Work request: Any images in the material are to be dropped while every line is retyped exactly.

Data section:
_ _ _

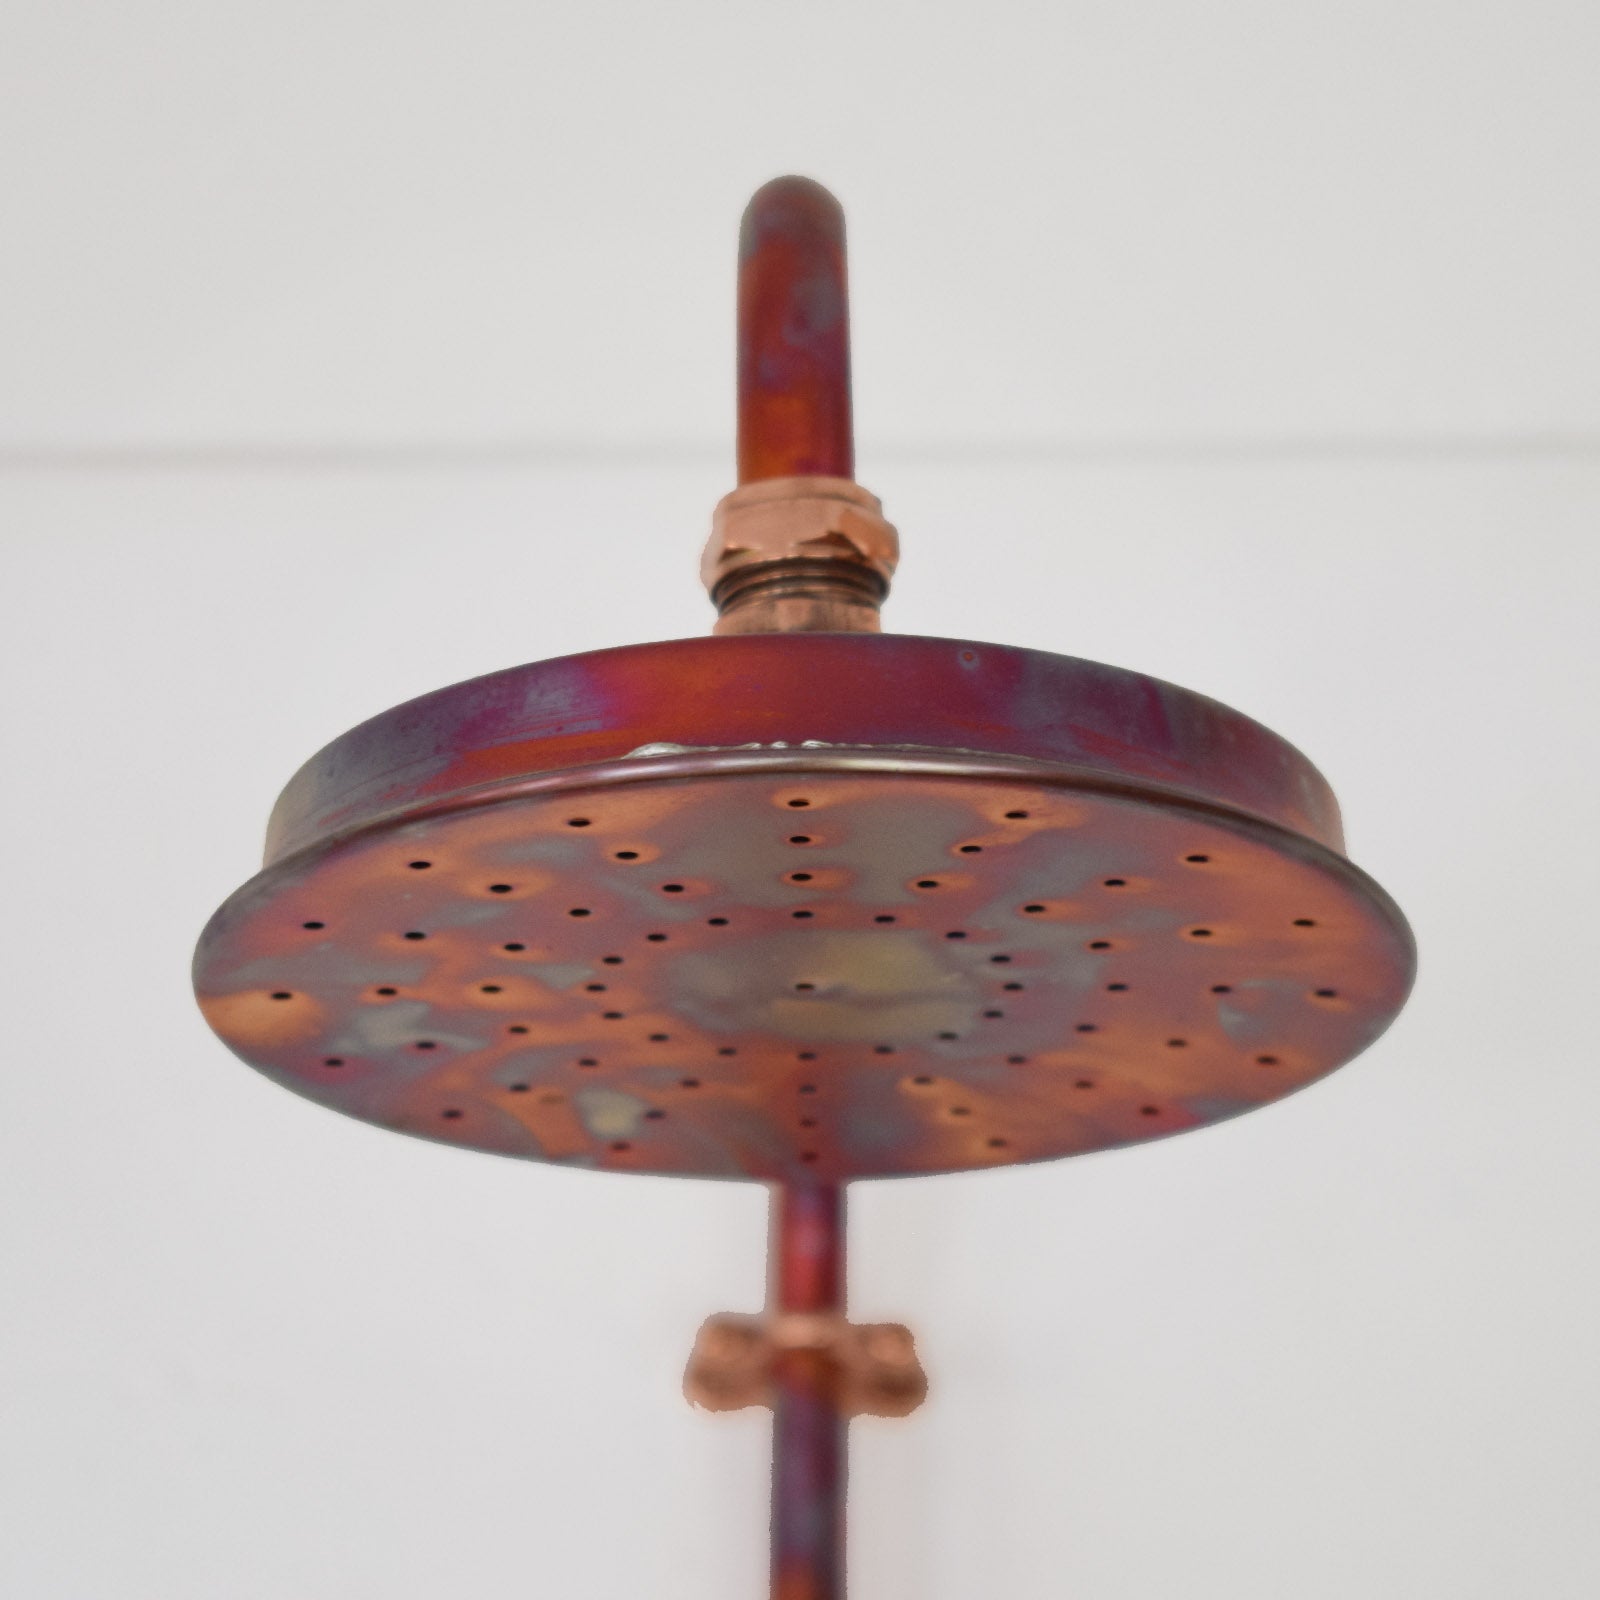 marbled copper shower head close up image
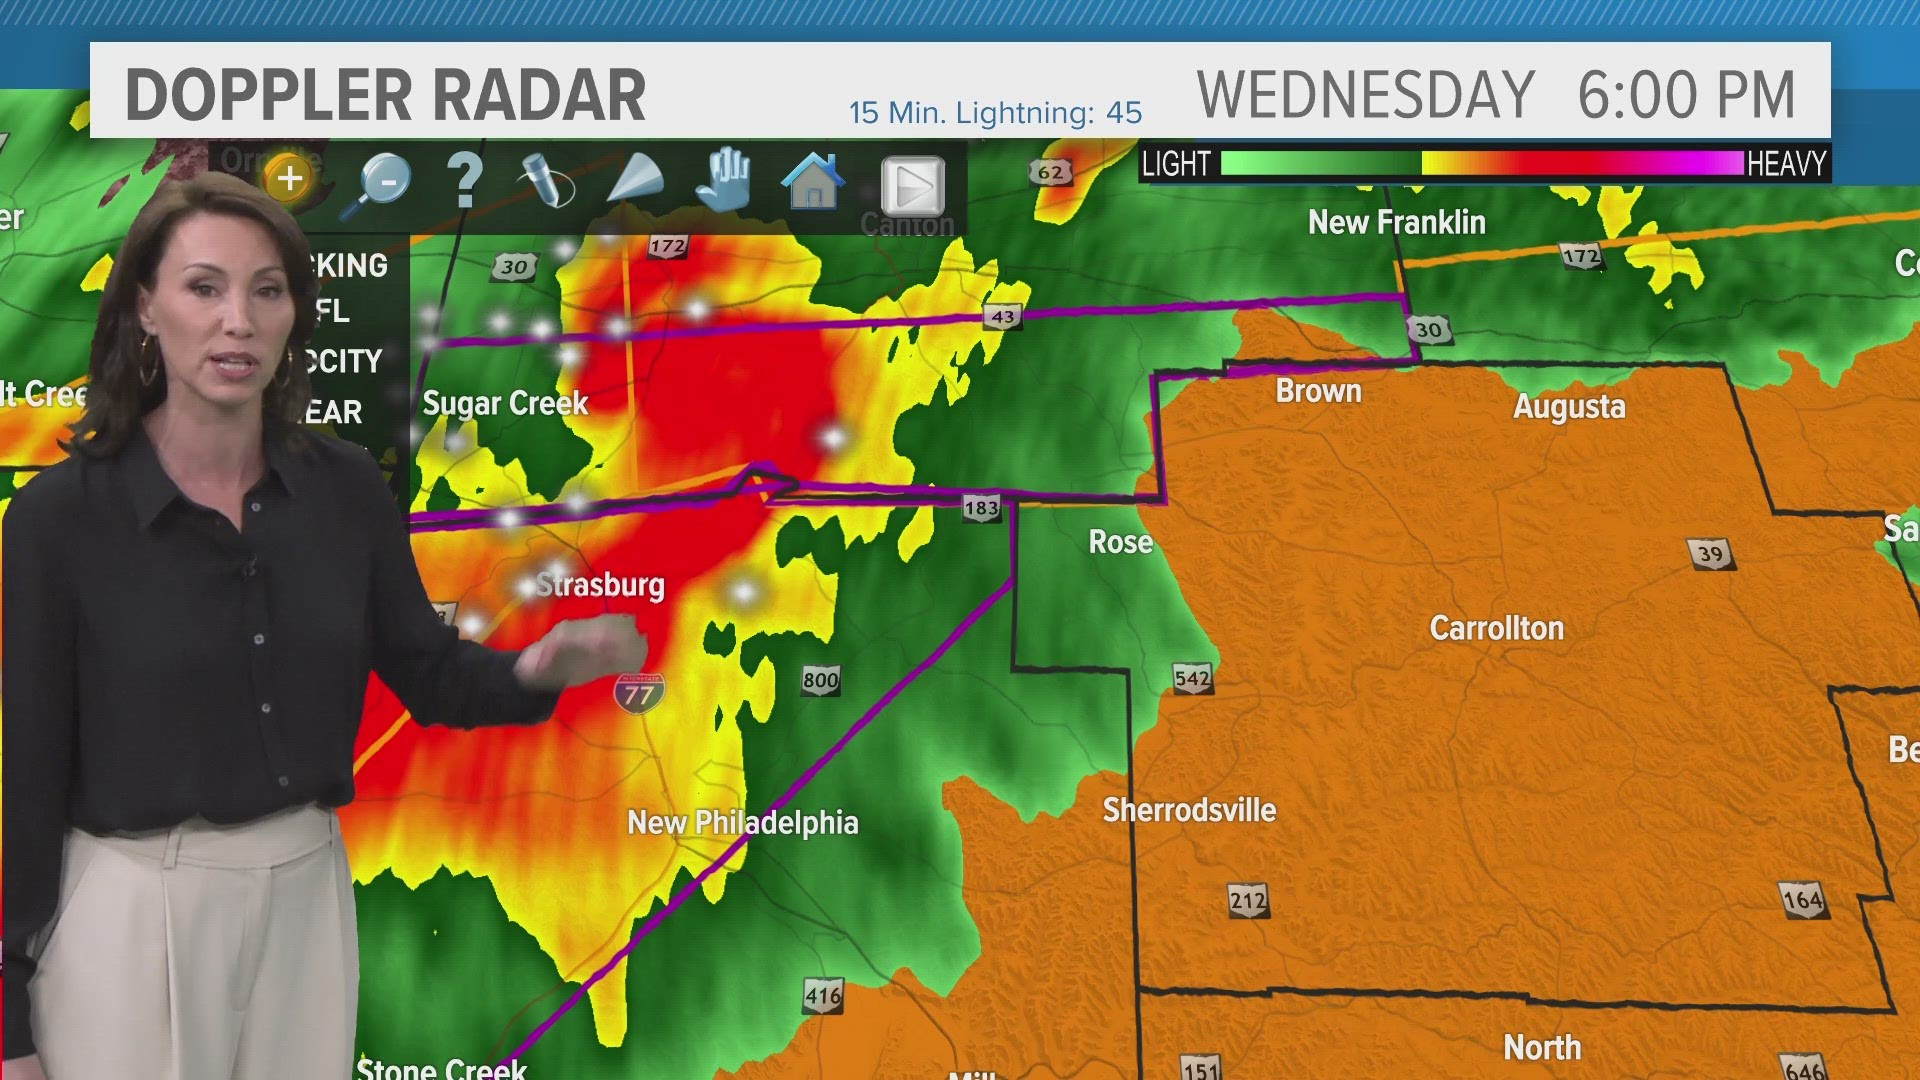 Portions of Ashland, Stark, Summit, Wayne, Holmes and Tuscarawas counties are being impacted by this storm.
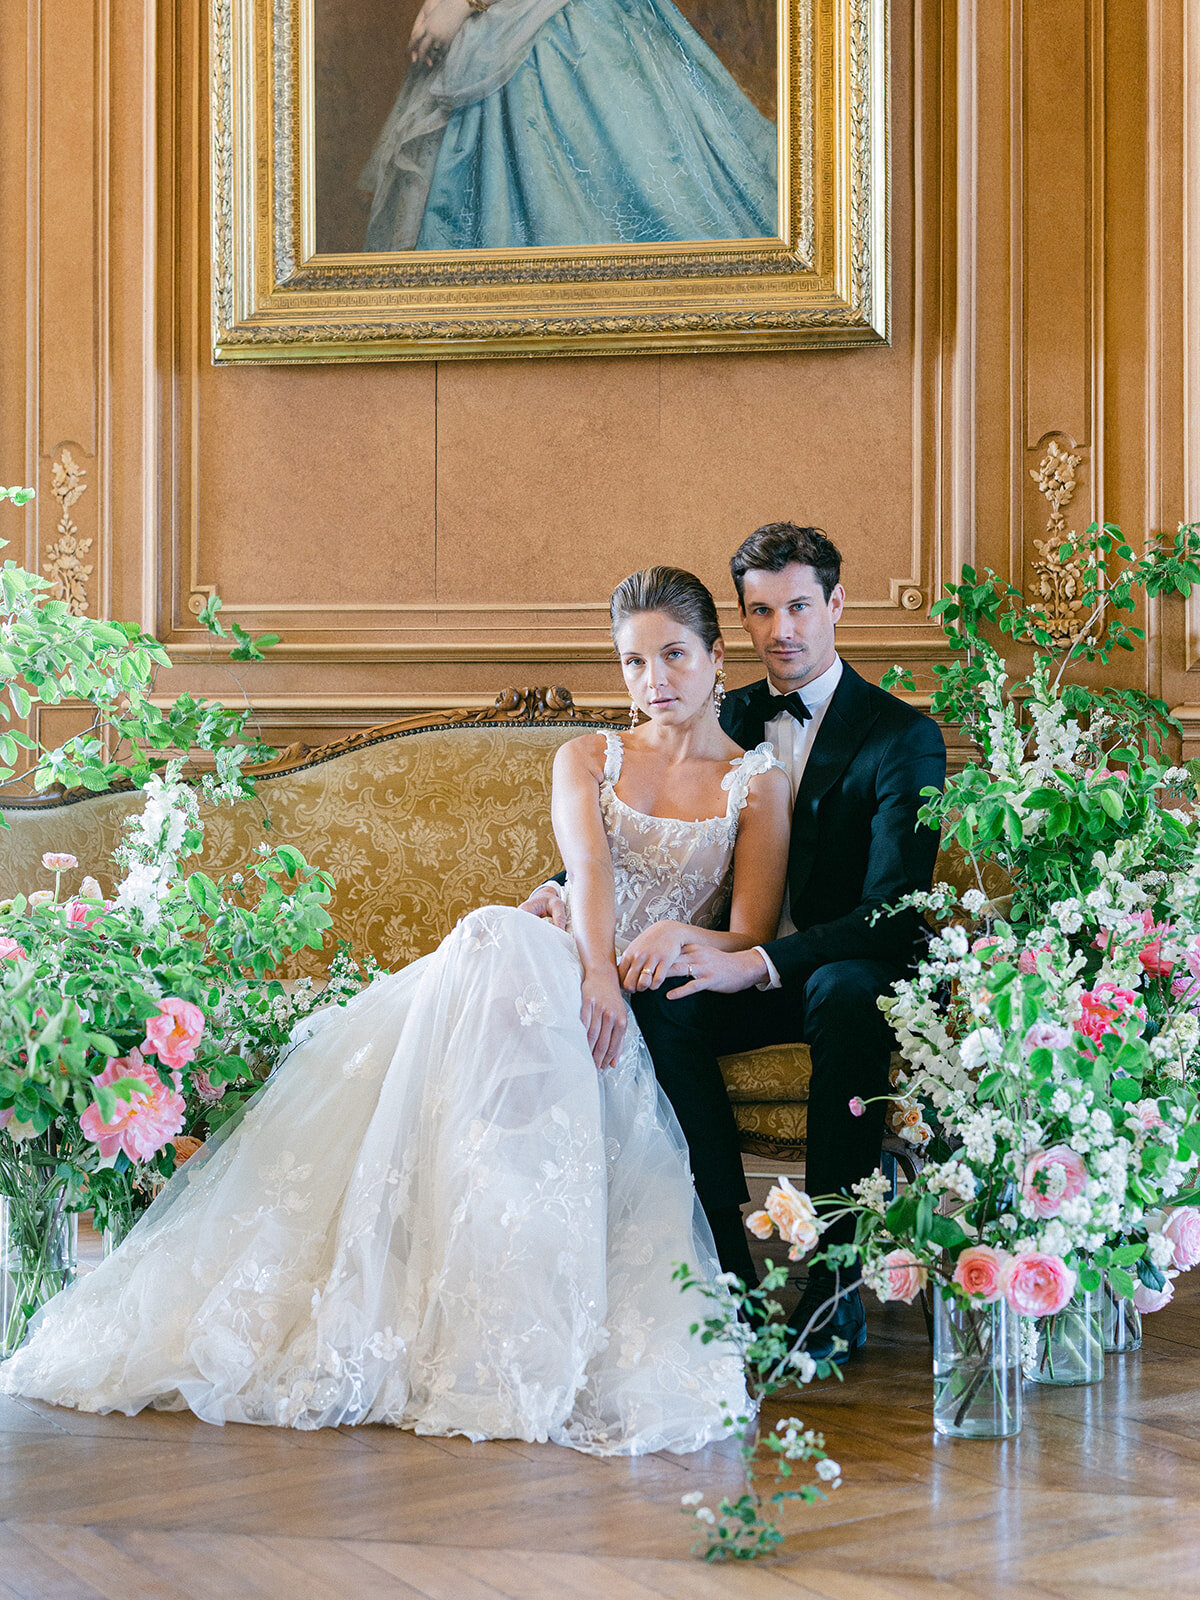 bride and groom on a sofa surrounded by flowers
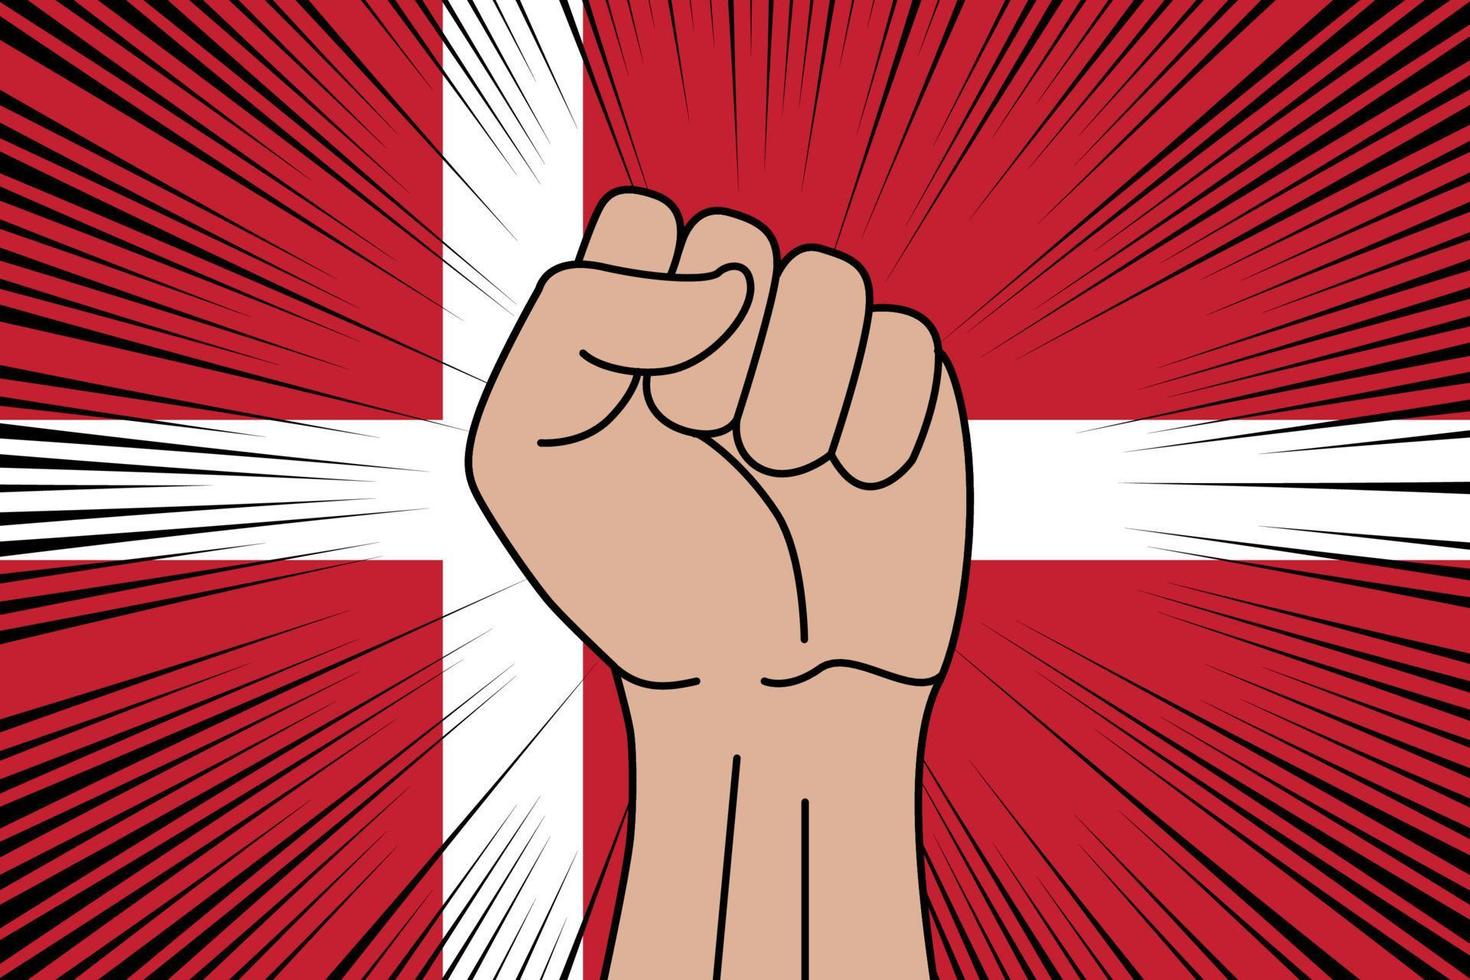 Human fist clenched symbol on flag of Denmark vector

_ _ _

Task response:
 marbled copper shower head close up image
 Portions of Ashland, Stark, Summit, Wayne, Holmes and Tuscarawas counties are being impacted by this storm.
 bride and groom on a sofa surrounded by flowers
 Human fist clenched symbol on flag of Denmark vector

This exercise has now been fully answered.